Friday, 28 November 2008

Why Salmond Isn't too Worried About FMQs

Iain Gray would be on much firmer ground when asking questions of Alex Salmond, if he had some policies of his own.

So when he had a go yesterday over the LIT, and took great pleasure in outlining who evidently opposed it, he really didn’t touch on the facts that:

Iain doesn’t like the Council Tax either and has promised to ‘amend’ it.

He hasn’t yet come up with what he’s going to do to make it fairer and more equitable.

He, by his own admission, ‘tore up’ the Labour manifesto when he was elected leader a couple of months ago, and as yet has come up with ….. well, virtually nothing, really.

So, it’s bellyaching and grandstanding from Iain, aligned with an inability to listen to answers to his occasionally coherent questions.

For example, last week Nicola Sturgeon indicated that she was not opposed to a public enquiry over the C difficile outbreak at Vale of Leven Hospital.

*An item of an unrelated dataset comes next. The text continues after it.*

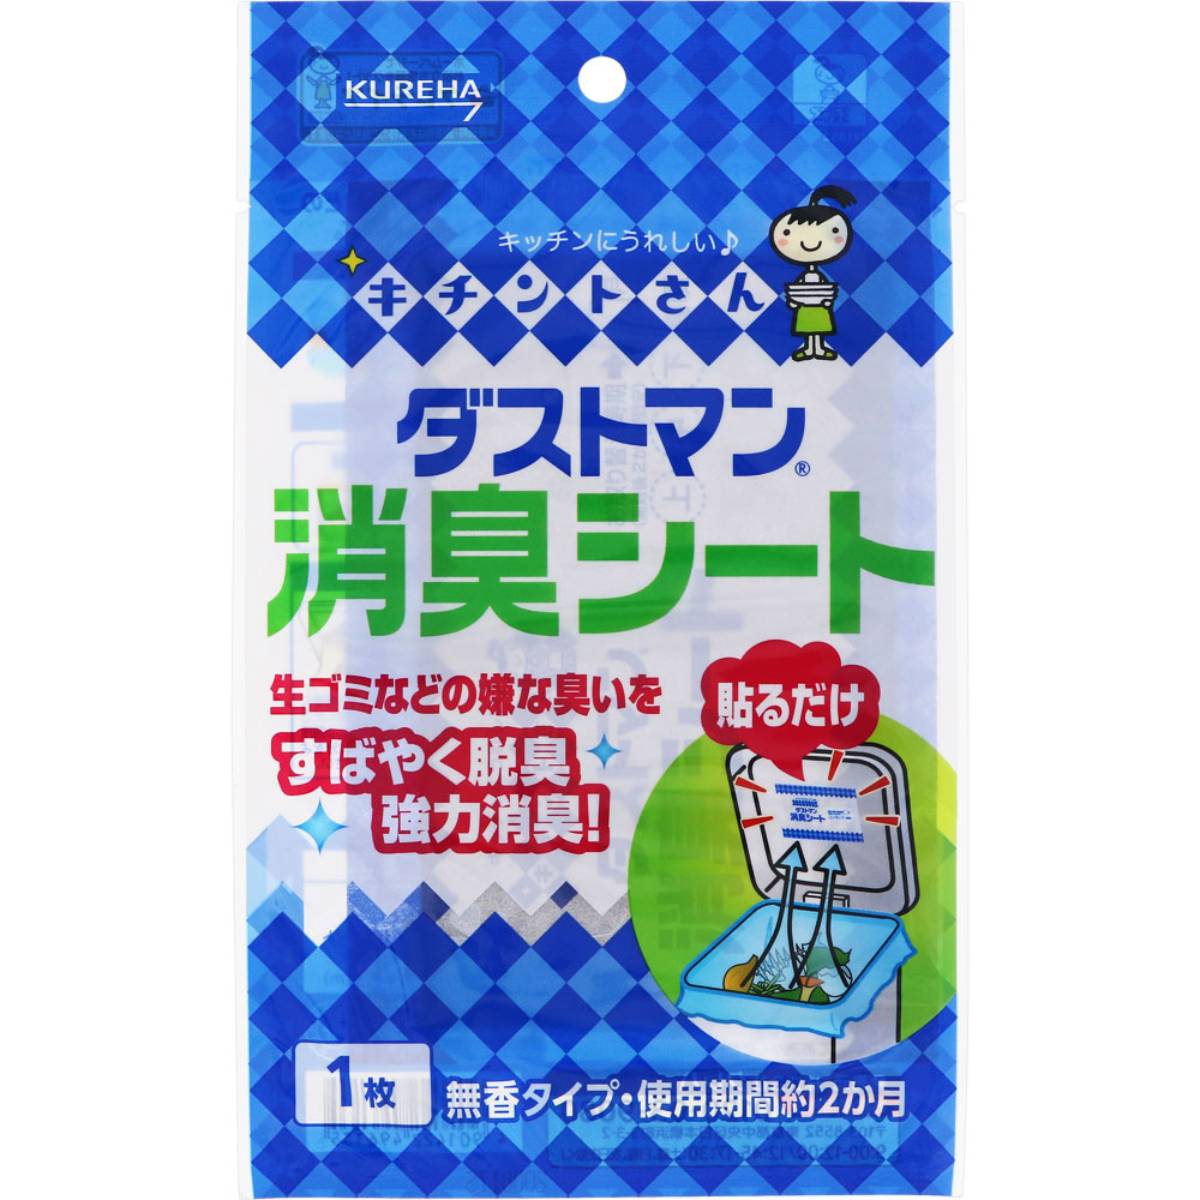 Bin Deodorant Sticker - 3in1 Set (Japan Edition)

And Iain then promptly demanded her resignation for opposing a public enquiry (at about the same time as his local CLP was suspended by Labour’s NEC), which she had specifically not said.


Remarkable.


Iain’s already demonstrated a remarkable ability to interpret facts to suit his own agenda, and I suppose we shouldn’t be too surprised by this level of malleability in his thought processes.


But maybe he’d not be in the process of being subsumed by Skeletor (Mr Murphy) in the public eye, if he actually got up and demonstrated some ability to think independently.


As it is, he’s definitely not the guy or gal that most people think of when the phrase ‘leader of Scottish Labour’ comes to mind.

It’s a pity (no, this isn’t schadenfreude), because Iain is an affable and reasonable bloke (pretty much like myself of course), but why can’t he start taking the ‘positive’ pills?